On Mon, Oct 16, 2017 at 2:10 PM, Richard Weinberger <richard@xxxxxx> wrote:
Am Montag, 16. Oktober 2017, 23:02:06 CEST schrieb Daniel Borkmann:
On 10/16/2017 10:55 PM, Richard Weinberger wrote:
Am Montag, 16. Oktober 2017, 22:50:43 CEST schrieb Daniel Borkmann:
struct task_struct *task = current;
+ task_lock(task);
strncpy(buf, task->comm, size);
+ task_unlock(task);
Wouldn't this potentially lead to a deadlock? E.g. you attach yourself
to task_lock() / spin_lock() / etc, and then the BPF prog triggers the
bpf_get_current_comm() taking the lock again ...
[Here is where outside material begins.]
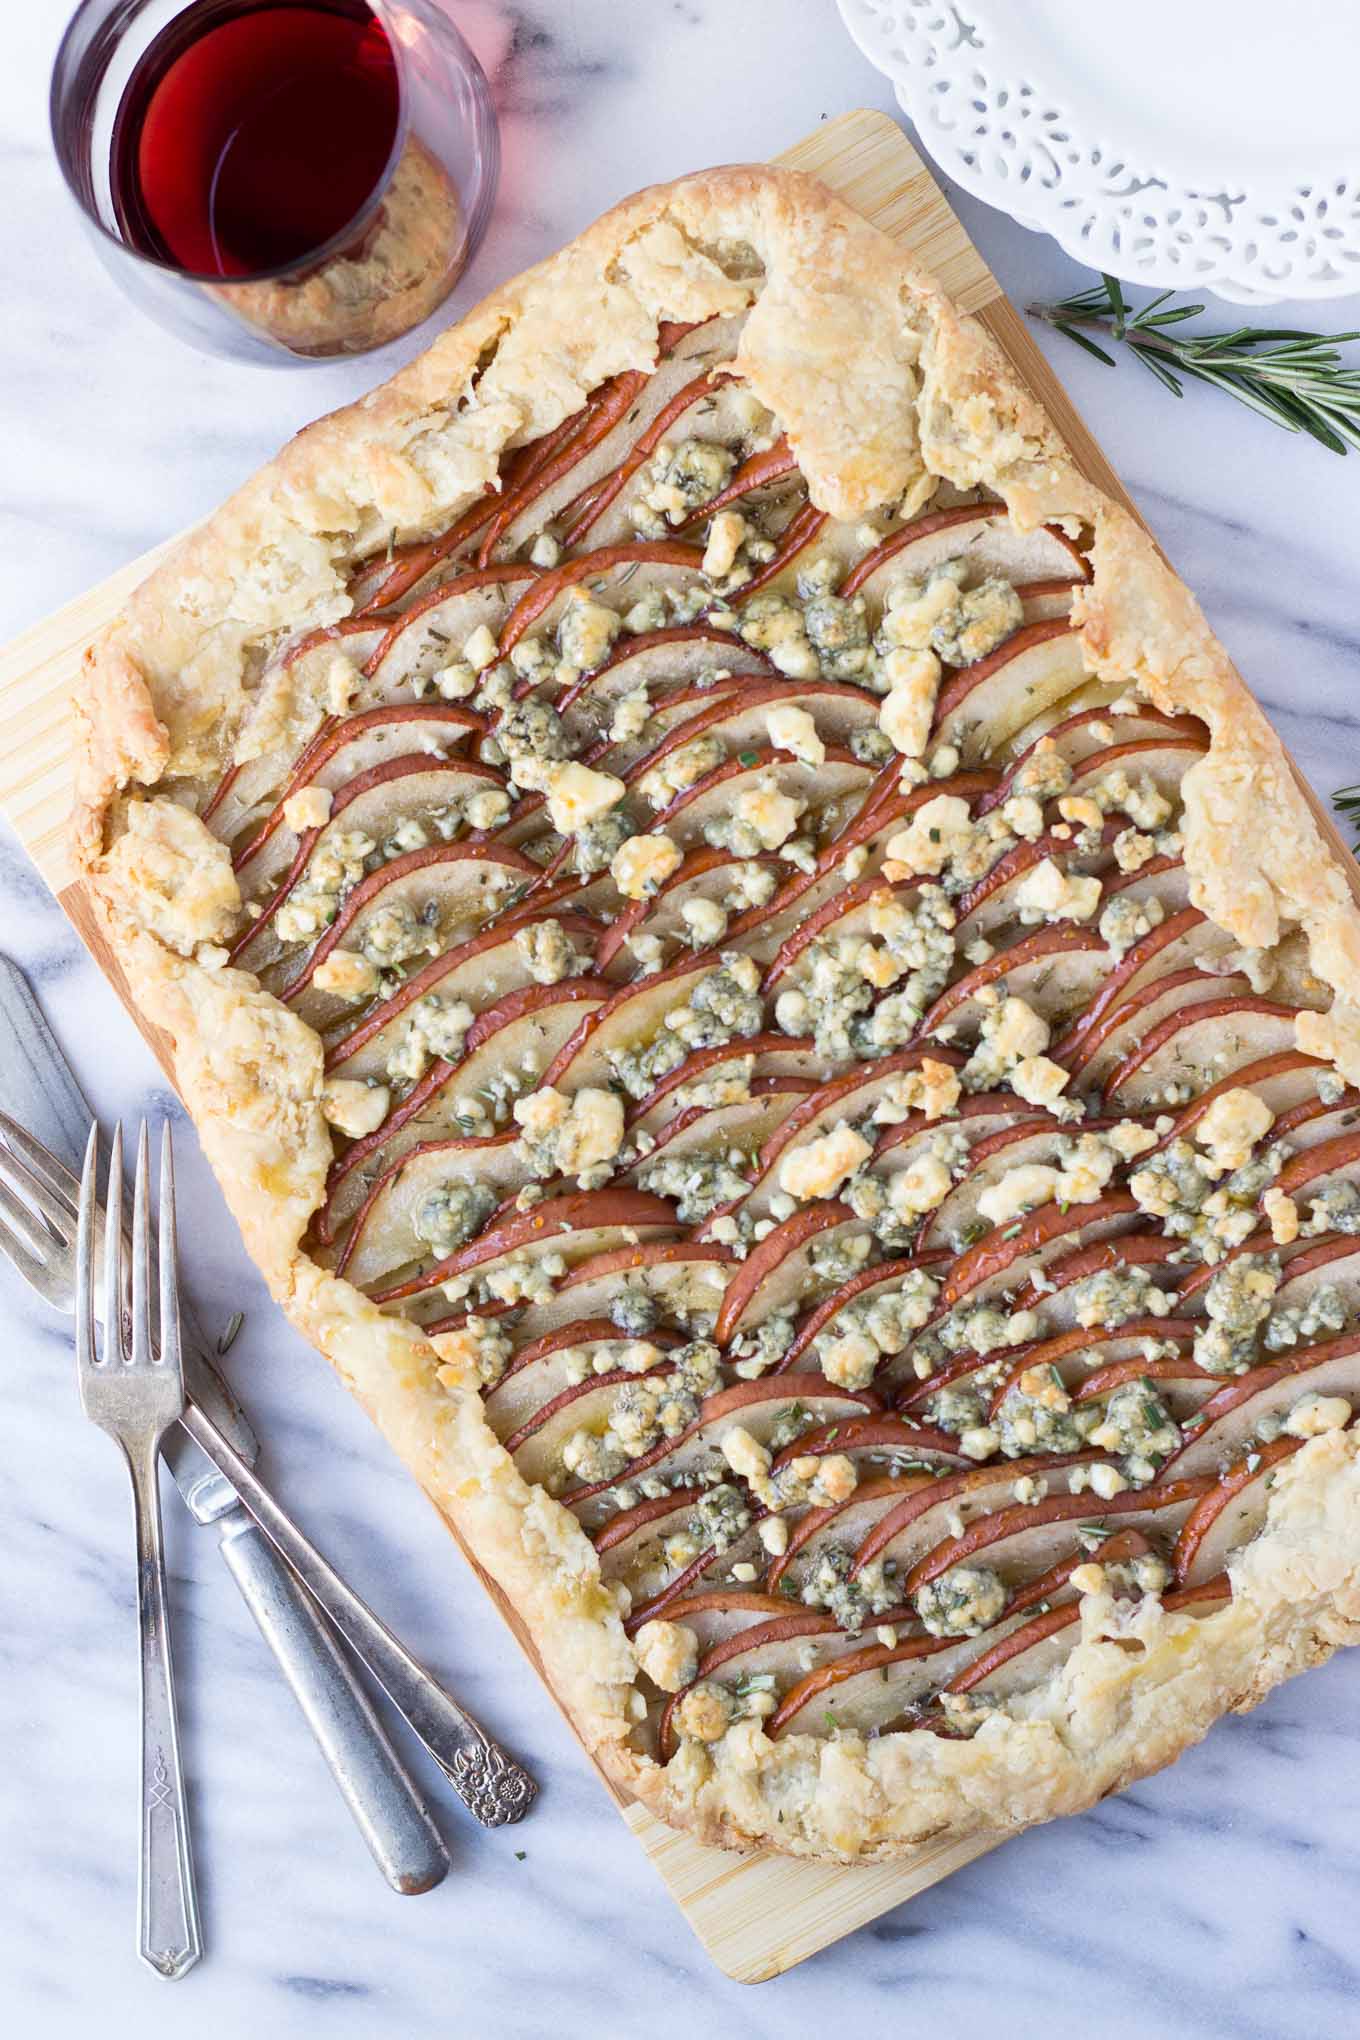 Savory Pear Tart - a flakey crust topped with Bosc pears, rosemary, gorgonzola, and drizzled with honey for the delicate balance of sweet and savory! Excellent for a night-in with wine or as a holiday appetizer.

Yes, but doesn't the same apply to the use case when I attach to strncpy()
and run bpf_get_current_comm()?
You mean due to recursion? In that case trace_call_bpf() would bail out
due to the bpf_prog_active counter.
Ah, that's true.
So, when someone wants to use bpf_get_current_comm() while tracing task_lock,
we have a problem. I agree.
On the other hand, without locking the function may return wrong results.
it will surely race with somebody else setting task comm and it's fine.
all of bpf tracing is read-only, so locks are only allowed inside bpf core
bits like maps. Taking core locks like task_lock() is quite scary.
bpf scripts rely on bpf_probe_read() of all sorts of kernel fields
so reading comm here w/o lock is fine.